» **Dataset content**:
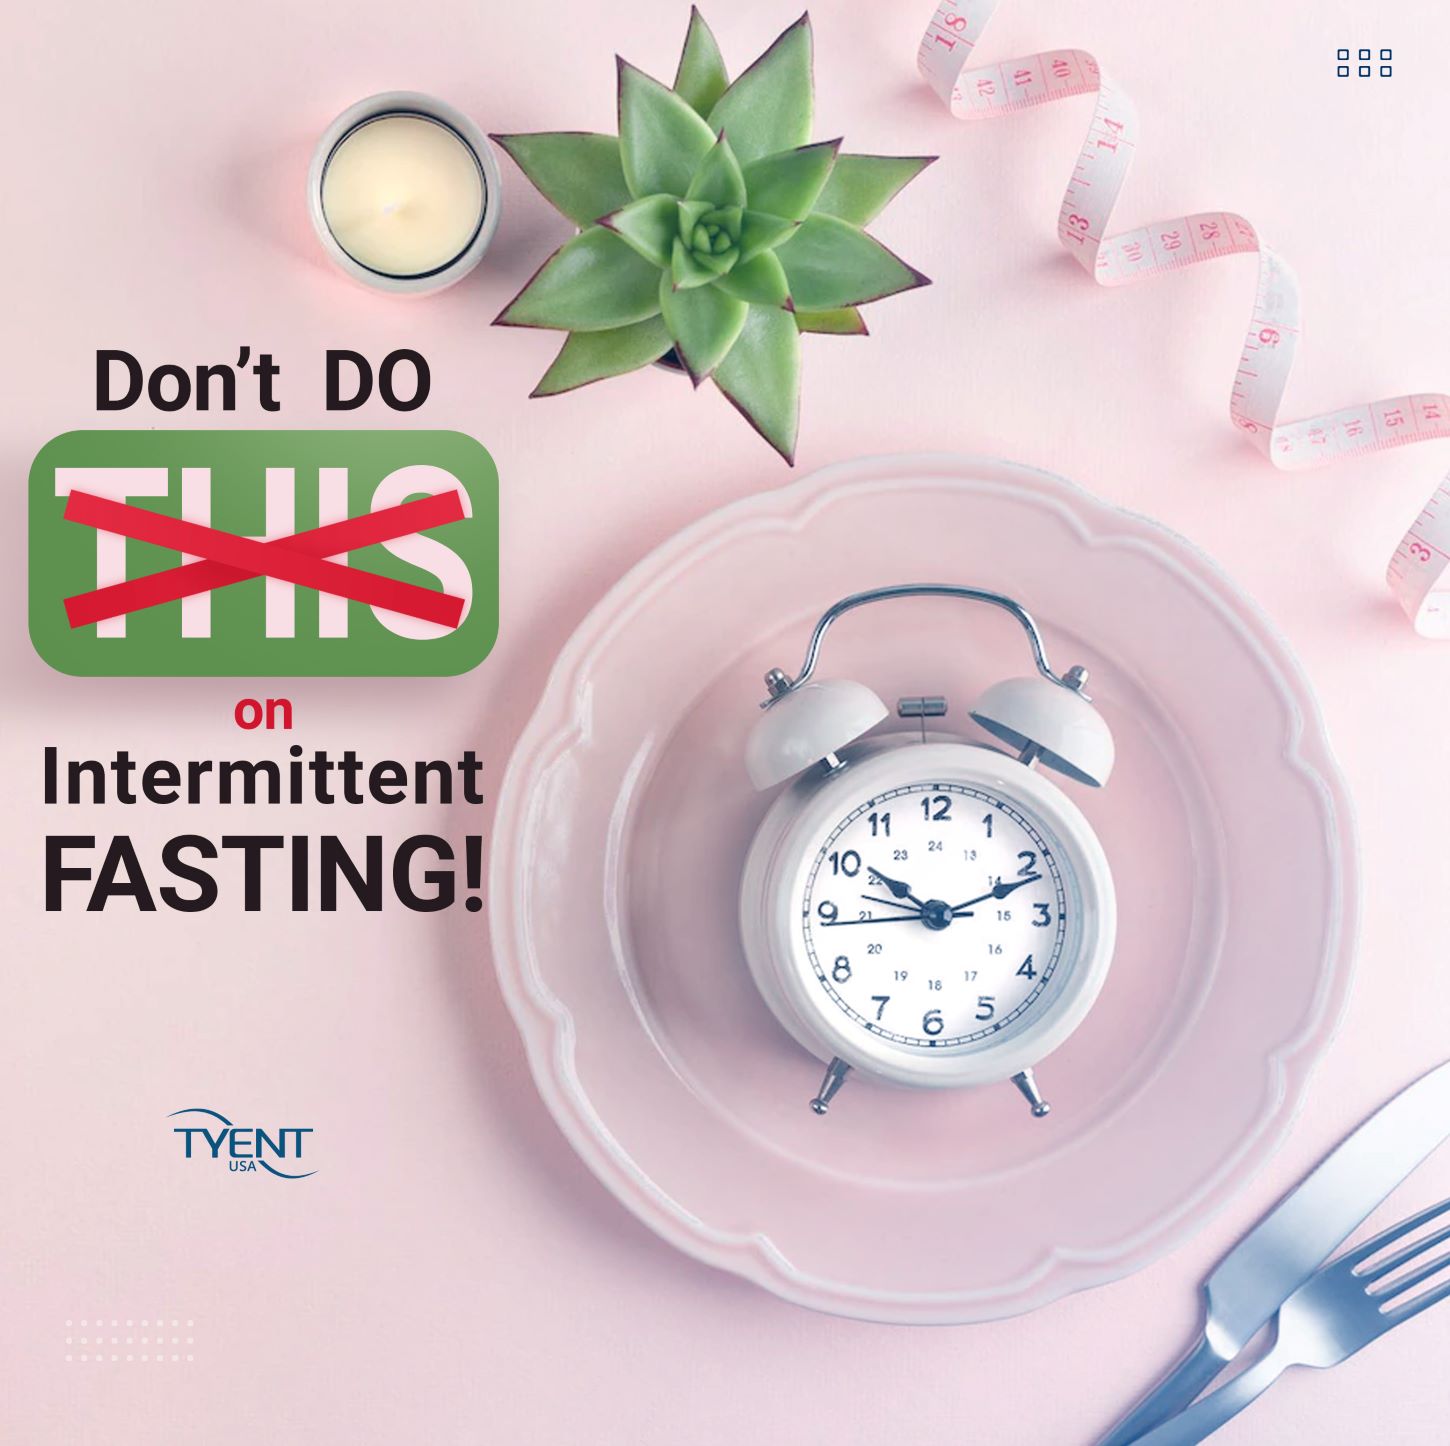 DON’T Do This on Intermittent Fasting!
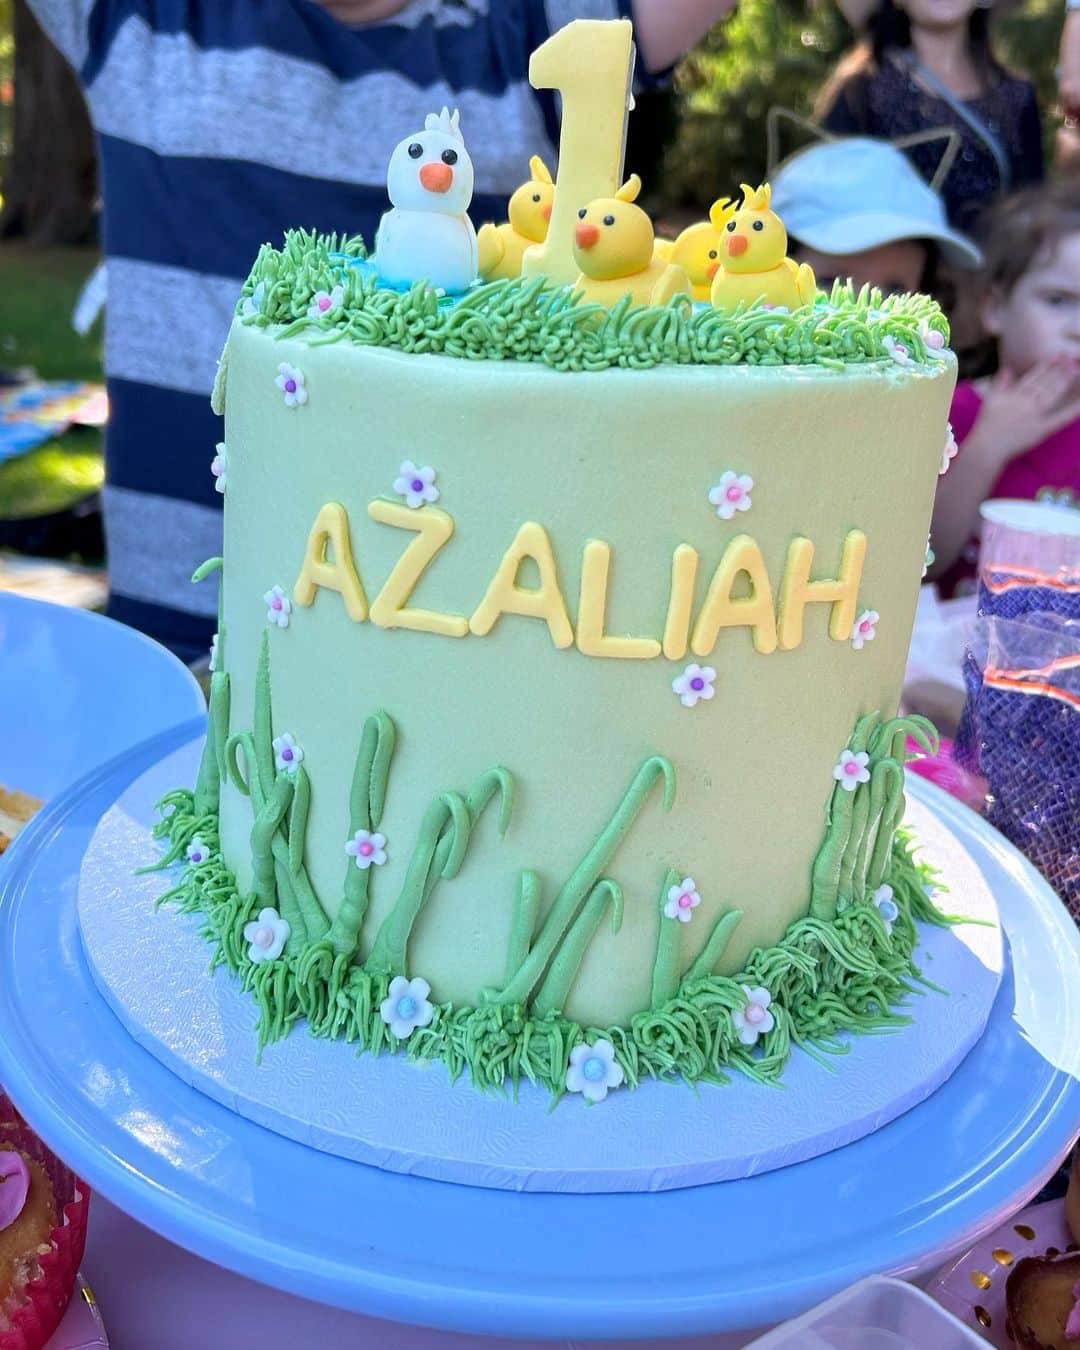 アンジェラ・ペティさんのインスタグラム写真 - (アンジェラ・ペティInstagram)「Happy 1st Birthday to our very precious daughter Azaliah💕💕💕  Being your Mum is the best thing that has ever happened to me!   Can't believe it's a year since your very early arrival into this world, 5 weeks before your due date!   We had a tough start with not being able to be in NICU with you for 5 days, due to your Daddy and I getting covid 2 days after you were born. But we are so thankful that you stayed in good health and it was the best thing ever being reunited 5 days later! We then got to bring you home when you were 3.5 weeks old.   It's been such an incredible journey seeing you grow and learn each day.  Although you haven't been the best sleeper, and there have been some challenges along the way, there have been so many amazing moments!  We love seeing you develop and your sweet, kind, playful, cuddly, inquisitive, stubborn-at-times personality blossom!   You're doing so well with your milestones and have started standing up without holding onto things in the last couple weeks and taking the odd stop so we don't think it'll be long until you're walking by yourself!  Excited to spend a couple days away camping for the first time with you! ♥️♥️  We absolutely love being your parents and you have already taught us so much♥️  Looking forward to all of the adventures to come 💕  Photos from the day you were born and photos from over the last couple weeks including your birthday party last week! 🌸」3月23日 11時33分 - angie_run800m
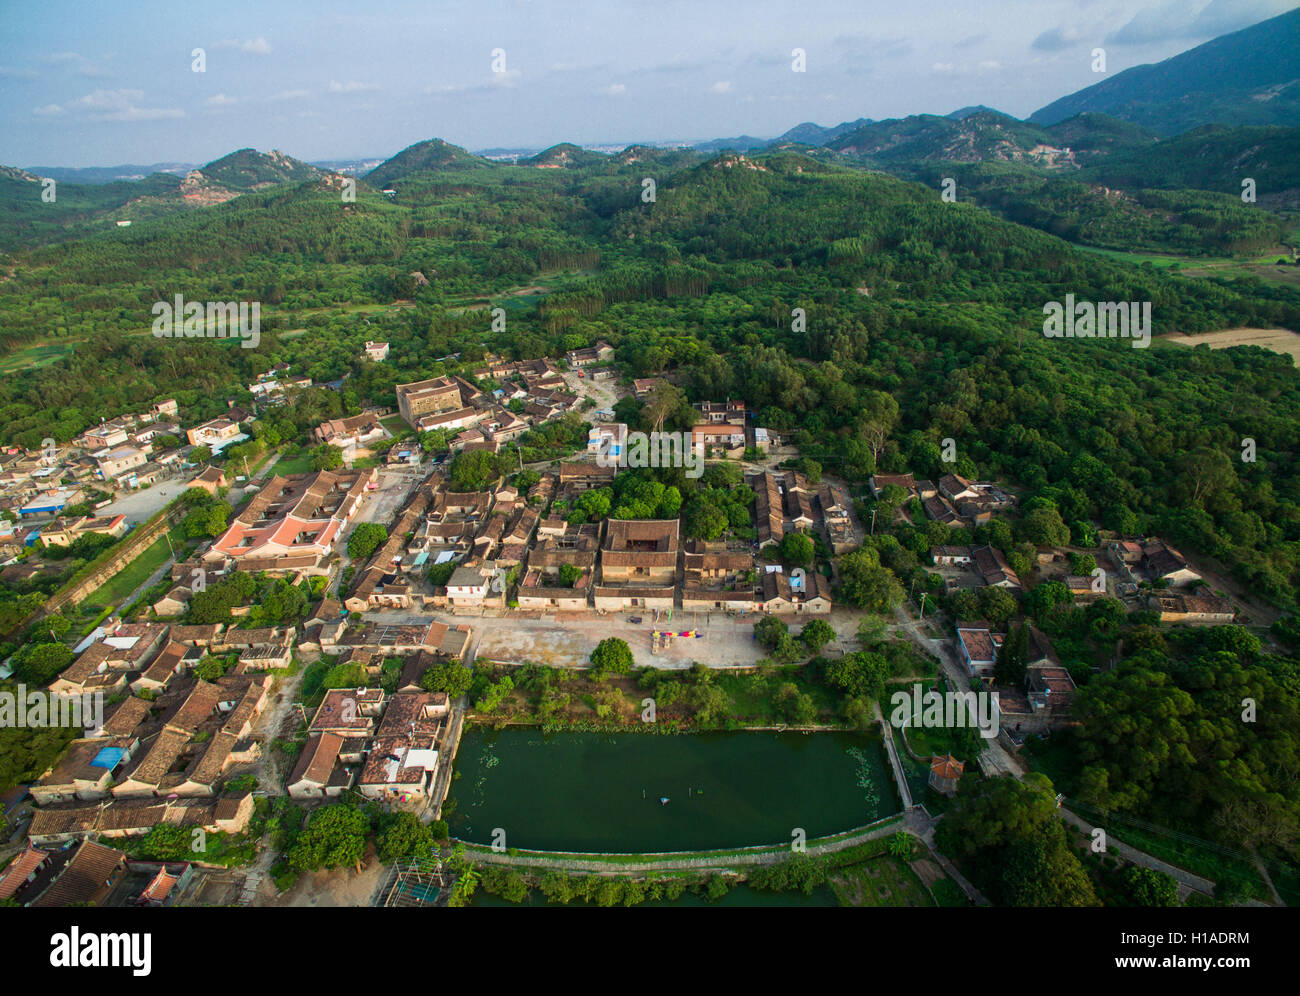 Zhangpu. 22nd Sep, 2016. Photo taken on Sept. 22, 2016 shows an overlook of Zhaojiabao in Zhangpu County, southeast China's Fujian Province. Zhaojiabao is a fortress built during the Ming Dynasty (1368-1644) by descendants of the Zhao imperial family of the Northern Song Dynasty (960-1127). It is a copy of the structure of Bianjing City, ancient capital of the Northern Song Dynasty. © Song Weiwei/Xinhua/Alamy Live News Stock Photo

» **Problem requirements**: Everything from the top line of the data down to and including the line with "アンジェラ・ペティさんのインスタグラム写真 - (アンジェラ・ペティInstagram)「Happy" is to be copied, except the pictures.

» **Answer section**:
 DON’T Do This on Intermittent Fasting!
 アンジェラ・ペティさんのインスタグラム写真 - (アンジェラ・ペティInstagram)「Happy 1st Birthday to our very precious daughter Azaliah💕💕💕  Being your Mum is the best thing that has ever happened to me!   Can't believe it's a year since your very early arrival into this world, 5 weeks before your due date!   We had a tough start with not being able to be in NICU with you for 5 days, due to your Daddy and I getting covid 2 days after you were born. But we are so thankful that you stayed in good health and it was the best thing ever being reunited 5 days later! We then got to bring you home when you were 3.5 weeks old.   It's been such an incredible journey seeing you grow and learn each day.  Although you haven't been the best sleeper, and there have been some challenges along the way, there have been so many amazing moments!  We love seeing you develop and your sweet, kind, playful, cuddly, inquisitive, stubborn-at-times personality blossom!   You're doing so well with your milestones and have started standing up without holding onto things in the last couple weeks and taking the odd stop so we don't think it'll be long until you're walking by yourself!  Excited to spend a couple days away camping for the first time with you! ♥️♥️  We absolutely love being your parents and you have already taught us so much♥️  Looking forward to all of the adventures to come 💕  Photos from the day you were born and photos from over the last couple weeks including your birthday party last week! 🌸」3月23日 11時33分 - angie_run800m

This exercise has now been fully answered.